Just curious what kind of eye doctor you are taking him to? How do they know he is suppressing vision in one eye?

My DS had a traumatic brain injury from an accident on New Years Eve (at age 5 1/2) which resulted in a sixth nerve palsy and almost total loss of tracking ability of his right eye for months. His right eye was stuck in the corner by his nose. He had to wear an eye patch on his good eye for 6 hours per day, and when he didn't have the patch, he had double vision at all times--so for instance he would see two TV's side by side or two books or two of every person. Strangely, we saw almost no change in his behavior or abilities. There may have been a small decrease in fine motor. He has developmental coordination disorder, so probably had some issues with sensory integration and visual tracking all along, but the results of the accident were extremely severe in terms of his vision, and his eyes were very obviously misaligned for months. He said that he liked having double vision and it didn't bother him. When he read, he said there were two books side by side and he just looked at one of them. I took him to a neuropsych who did the WISC IV. At the time this was done, his eye had started gaining some motion and was tracking past the mid-line but i don't think it was completely normal. His overall non-verbal IQ was 99.7 percentile, but he only got a 13 on block design, which is timed. The neuropsych attributed this to his poor fine motor skills. He scored below the 1st percentile on a timed pegboard test. One could argue he was scoring that low on the pegboard and block test because of his vision, which I guess is possible, but he scored really low for fine motor coordination before he was in the accident. I think he may have had issues with visual tracking before the accident though, too, but not nearly as severe. His processing speed I think was an 11 or 12, so slightly above average.

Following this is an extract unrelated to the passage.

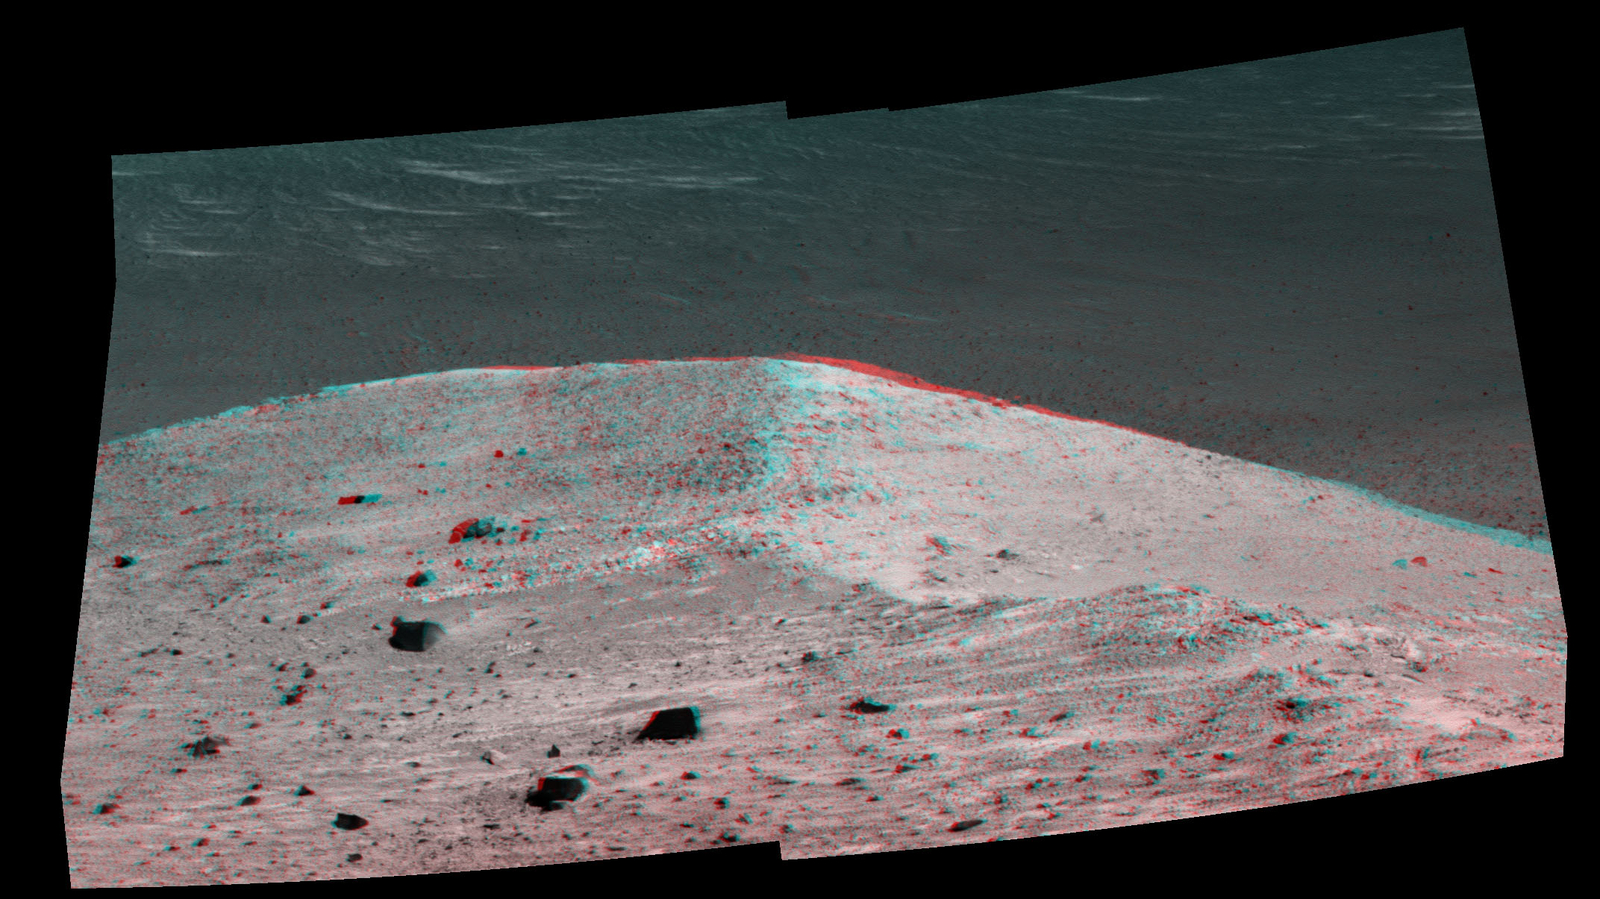 This stereo scene from NASA's Mars Exploration Rover Opportunity shows "Spirit Mound" overlooking the floor of Endeavour Crater. The view appears three-dimensional when seen through blue-red glasses with the red lens on the left.

I took him for an OT and PT assessment and even though his eyes "look" normal now, rather than completely crossed, they say he can barely track moving objects at all. I don't know if this is from lingering effects of the sixth nerve palsy, or if he was always like that due to developmental coordination disorder or hypotonia. I have an appt. to take him to a neuro-opthamologist since the regular pediatric opthamologist thinks his eyes are completely normal now (despite what the OT and PT say). I'm hoping that a neuro-opthamologist will be able to tell me what's going on with the poor eye tracking and help him somehow. His depth perception is impaired and I'm hoping if he learns to track, it will help some of his fine motor skills and reading. I'm curious what vision therapy entails. I just thought I'd share that my son's eye was massively messed up, it happened very suddenly due to being in an accident, and it must have been hard for him sometimes wearing a patch and sometimes not, and looking at the world where everything was double, but it seemed to have little effect on him or his mood or behavior. Every once in a while he complained about getting a headache above one eye and he still does when he reads.